Try scanf("%10[0-9a-zA-Z ]s", str);

Hope that helps.

Edited because I forgot what language we are using.

apocalypse9 2009-08-08 04:39:18

I didn't even know `scanf()` accepted regex's! Thanks!!!!!

Lucas McCoy 2009-08-08 04:41:24

note, it doesn't do general regexes, just character classes

rampion 2009-08-08 04:47:05

@rampion: Excellent side note (but still that's pretty cool).

Lucas McCoy 2009-08-08 04:48:08

(1) Obviously to accept spaces, you need to put a space in the character class. (2) Note that the 10 is the maximum number of characters which will be read, so str has to point to a buffer of size 11 at least. (3) The final s here isn't a format directive but scanf will try here to match it exactly. The effect will be visible on an entry like 1234567890s where the s will be consumed but put no where. An other letter won't be consumed. If you put another format after the s, it will be read only if there is an s to be matched.

AProgrammer 2009-08-08 11:52:03

Another potential problem, the use of - at other place than the first or the last is implementation defined. Usually, it is used for ranges, but what the range designate is dependent on the charset. EBCDIC has holes in the letter ranges and even when assuming an ASCII derived charsets it is naïve to think that all lower case letters are in the a-z range...

AProgrammer 2009-08-08 13:35:44

I'd go with `"%[^\n]"` as format string

Christoph 2009-08-08 16:12:45

"%[^\n]" has the same problem as gets(), buffer overflow. With the additional catch that the \n final isn't read; this will be hidden by that fact that most formats start by skipping white spaces, but [ isn't one of them. I don't understand the instance at using scanf to read strings.

AProgrammer 2009-08-09 06:09:19

Answer 2

+11 A:

People (and especially beginners) should never use scanf() or gets() or any of those functions that do not have buffer overflow protection.

Just remember than scanf stands for "scan formatted" and there's precious little less formatted than user-entered data. It's ideal if you have total control of the input data format but generally unsuitable for user input.

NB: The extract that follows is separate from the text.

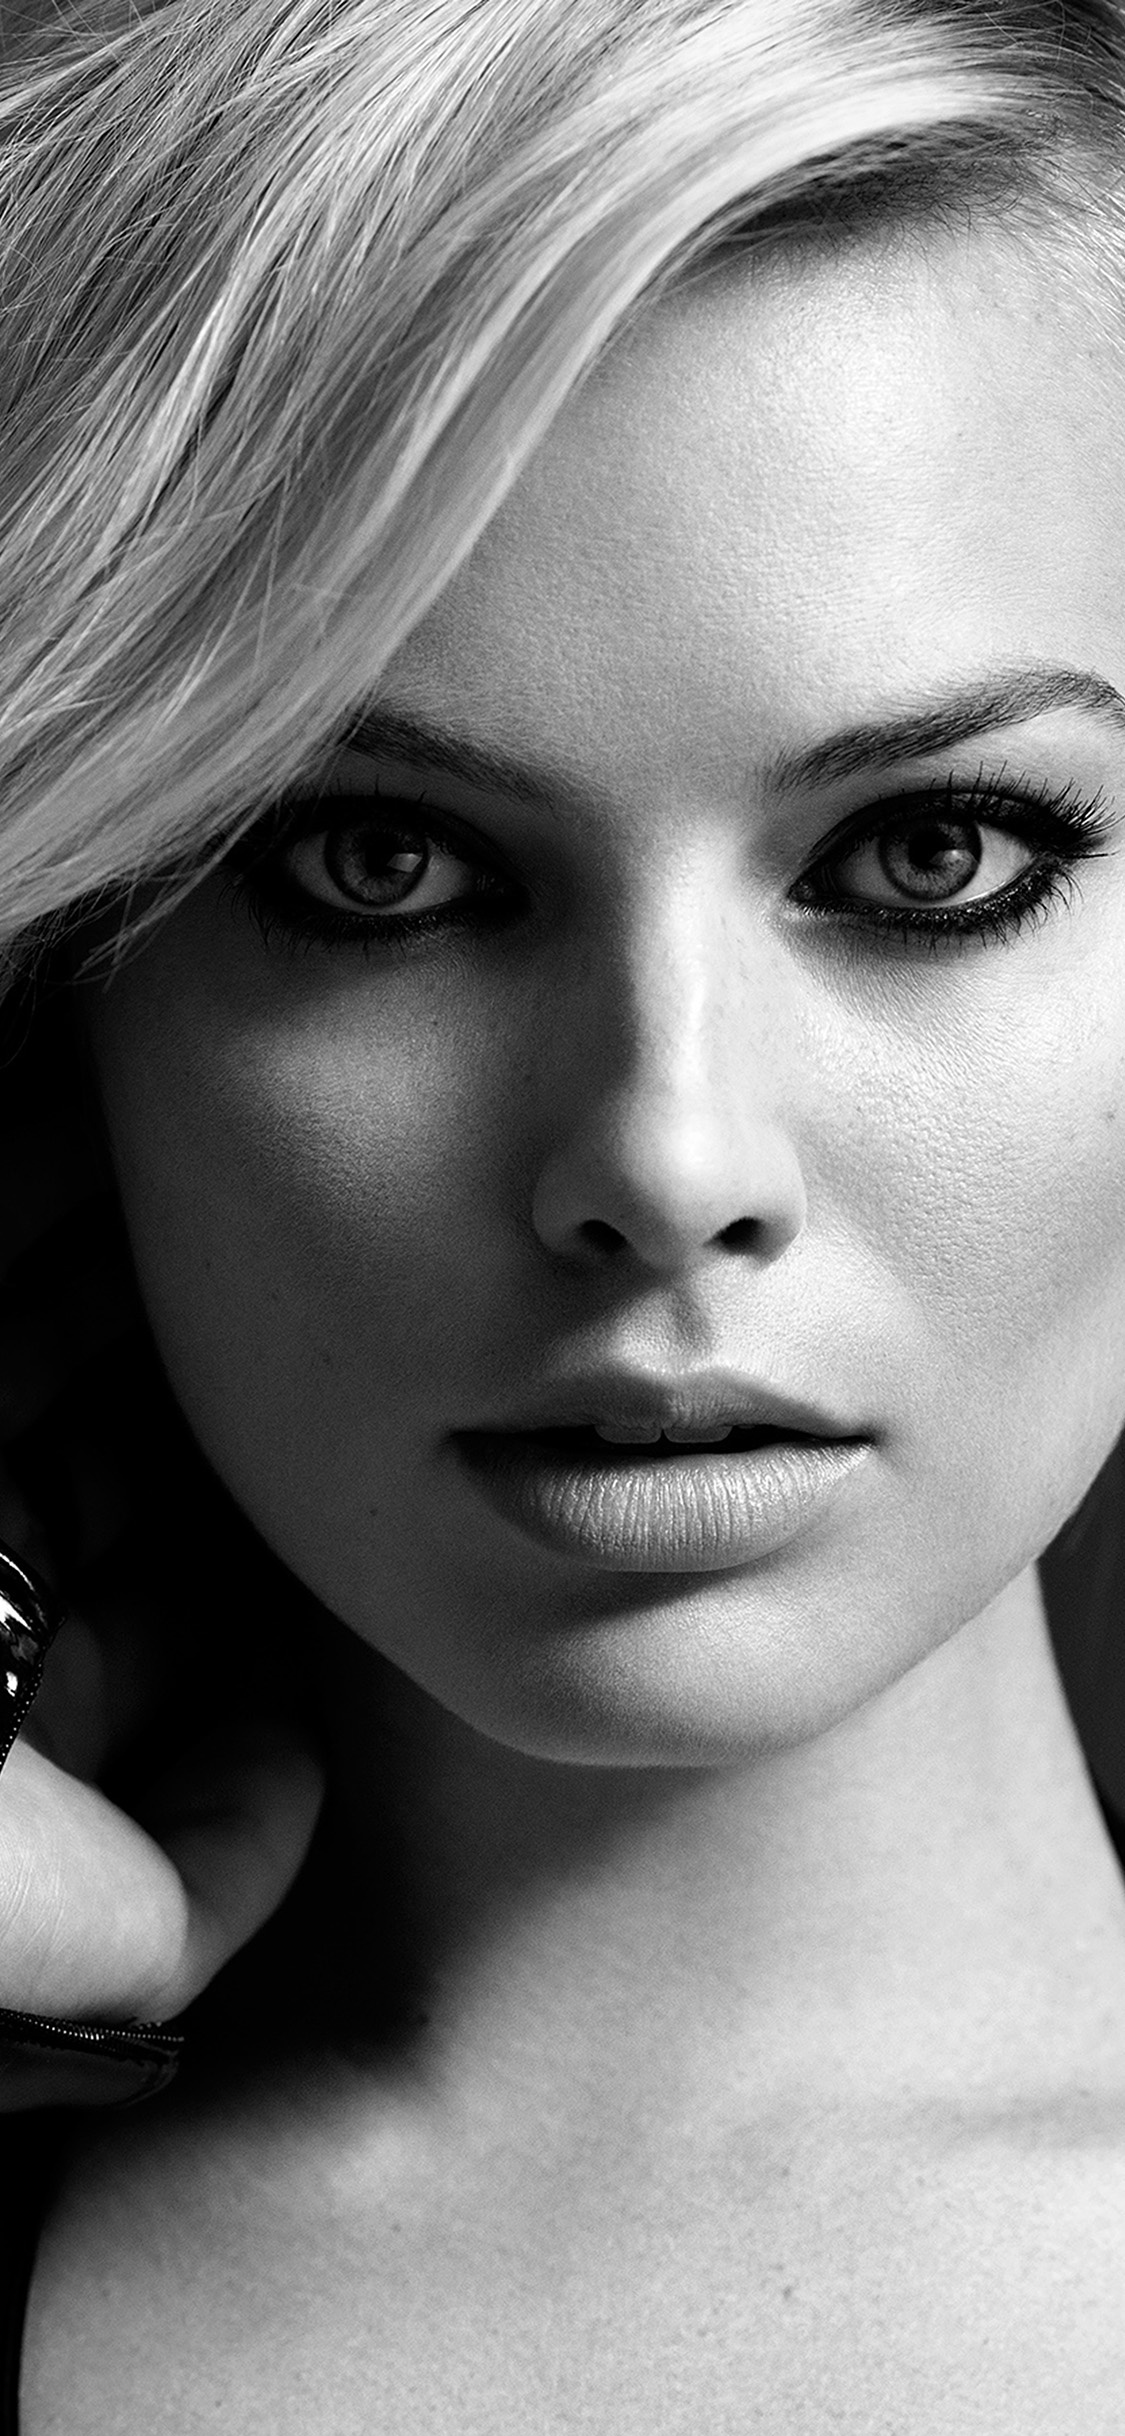 Margot Robbie: An Australian actress, who started with roles in a few Australian independent films and television series, and later moved to the U.S. to pursue her Hollywood dream. 1130x2440 HD Background.

Use fgets() to get your input into a string and sscanf() to evaluate it. Since you just want what the user entered, you don't really need sscanf() in this case anyway:

#include <stdio.h>
#include <stdlib.h>
#include <string.h>

/* Maximum name size + 1. */
#define MAX_NAME_SZ 256

int main(int argC, char *argV[]) {
    /* Allocate memory and check if okay. */
    char *name = malloc (MAX_NAME_SZ);
    if (name == NULL) {
        printf ("No memory\n");
        return 1;
    }

    /* Ask user for name. */
    printf("What is your name? ");

    /* Get the name, with size limit. */
    fgets (name, MAX_NAME_SZ, stdin);

    /* Remove trailing newline, if there. */
    if (name[strlen (name) - 1] == '\n')
        name[strlen (name) - 1] = '\0';

    /* Say hello. */
    printf("Hello %s. Nice to meet you.\n", name);

    /* Free memory and exit. */
    free (name);
    return 0;
}

paxdiablo 2009-08-08 04:59:36

I didn't know about `fgets()`. It actually looks easier to use then `scanf()`. +1

Lucas McCoy 2009-08-08 06:37:56

If you just want to get a line from the user, it is easier. It's also safer since you can avoid buffer overflows. The scanf family is really useful for turning a string into different things (like four chars and an int for example with "%c%c%c%c%d") but, even then, you should be using fgets and sscanf, not scanf, to avoid the possibility of buffer overflow.

paxdiablo 2009-08-08 06:48:27

You can put maximum buffer size in scanf format, you just can't put runtime computed one without building the format at runtime (there isn't the equivalent of * for printf, * is a valid modificator for scanf with another behavior: suppressing assignation).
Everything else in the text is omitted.